What actual lawyers thought in 1993

Because every legal thriller ends up being a Rorschach test for attorneys, the Los Angeles Times asked a few of them at the time if The Firm looked anything like their lives. One tax lawyer, Wayne Allen of Walsworth, Franklin & Bevins in Orange County, basically shrugged: he did not know anyone living that kind of glossy lifestyle and chalked it up to Hollywood and Grisham doing Hollywood and Grisham. Another associate, Jon Meer, said that if you filmed the job as it really is, it would be people sitting in a library, and nobody would buy a ticket. Bottom line, they did not think the movie would make the public suddenly hate lawyers.

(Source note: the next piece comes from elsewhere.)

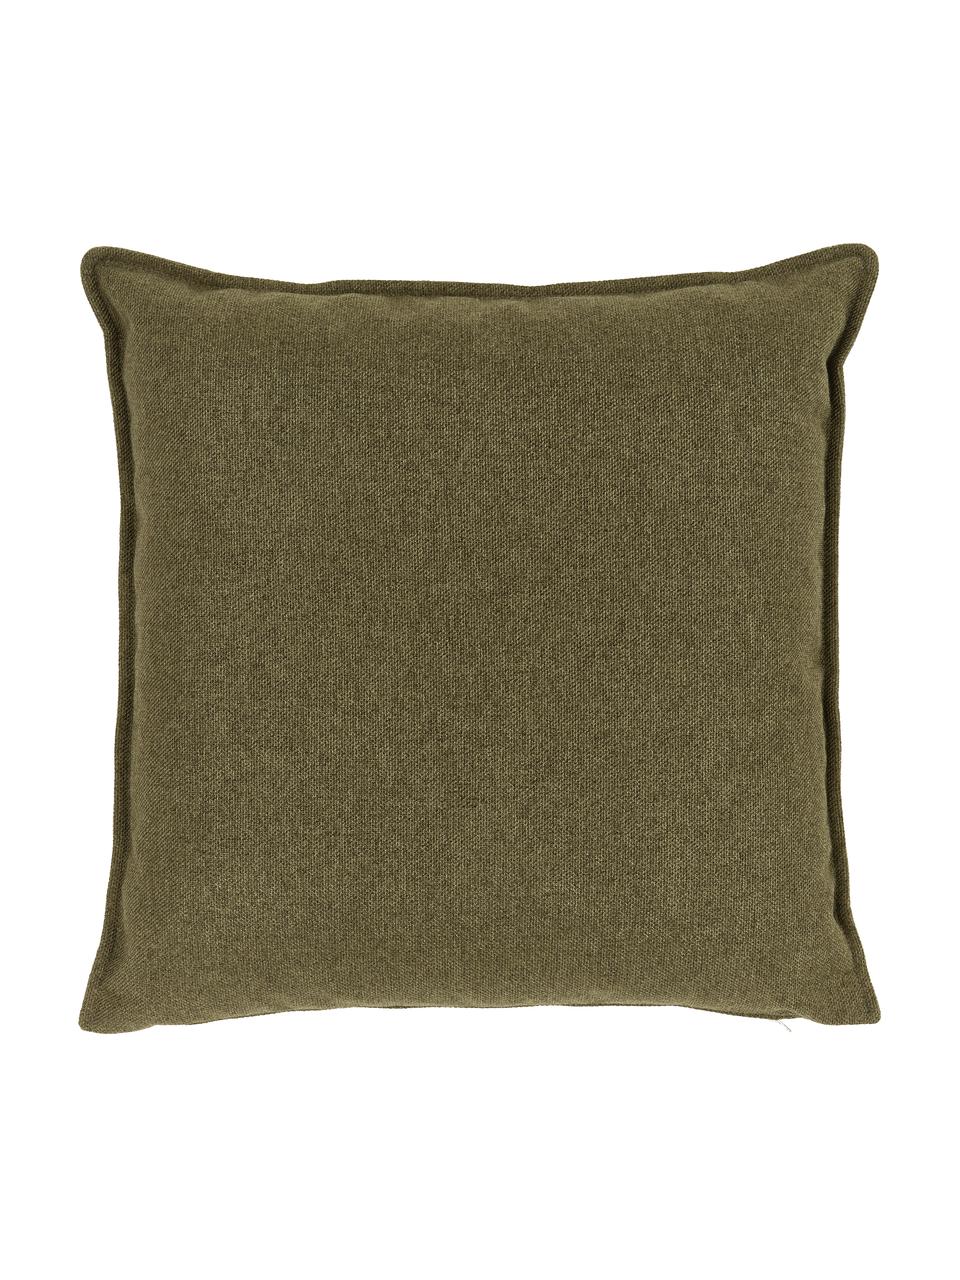 Cuscino arredo verde Lennon, Rivestimento: 100% poliestere, Tessuto verde, Larg. 60 x Lung. 60 cm

It is entertainment, not a deposition.

Quick stats

  • Release date: June 30, 1993
  • Worldwide box office: About $270 million
  • IMDb: 6.9/10
  • Rotten Tomatoes: 76% critics, 64% audience
  • Where to watch now: Paramount+

The bigger picture

Hollywood has been hooked on courtroom drama forever, from The Verdict to A Few Good Men to Anatomy of a Fall. The Firm sits neatly in that lane: slick, tense, and engineered for big crowds, even if it nudges the book into a cleaner, more movie-ish shape. Do I wish we got the Caribbean ending? Kind of. Do I think the Boston choice makes sense for a summer blockbuster starring Tom Cruise? Absolutely.

What do you make of it when movies gamble with a book's original finish? Bold adaptation or missing the point? I am genuinely curious where you land on this one.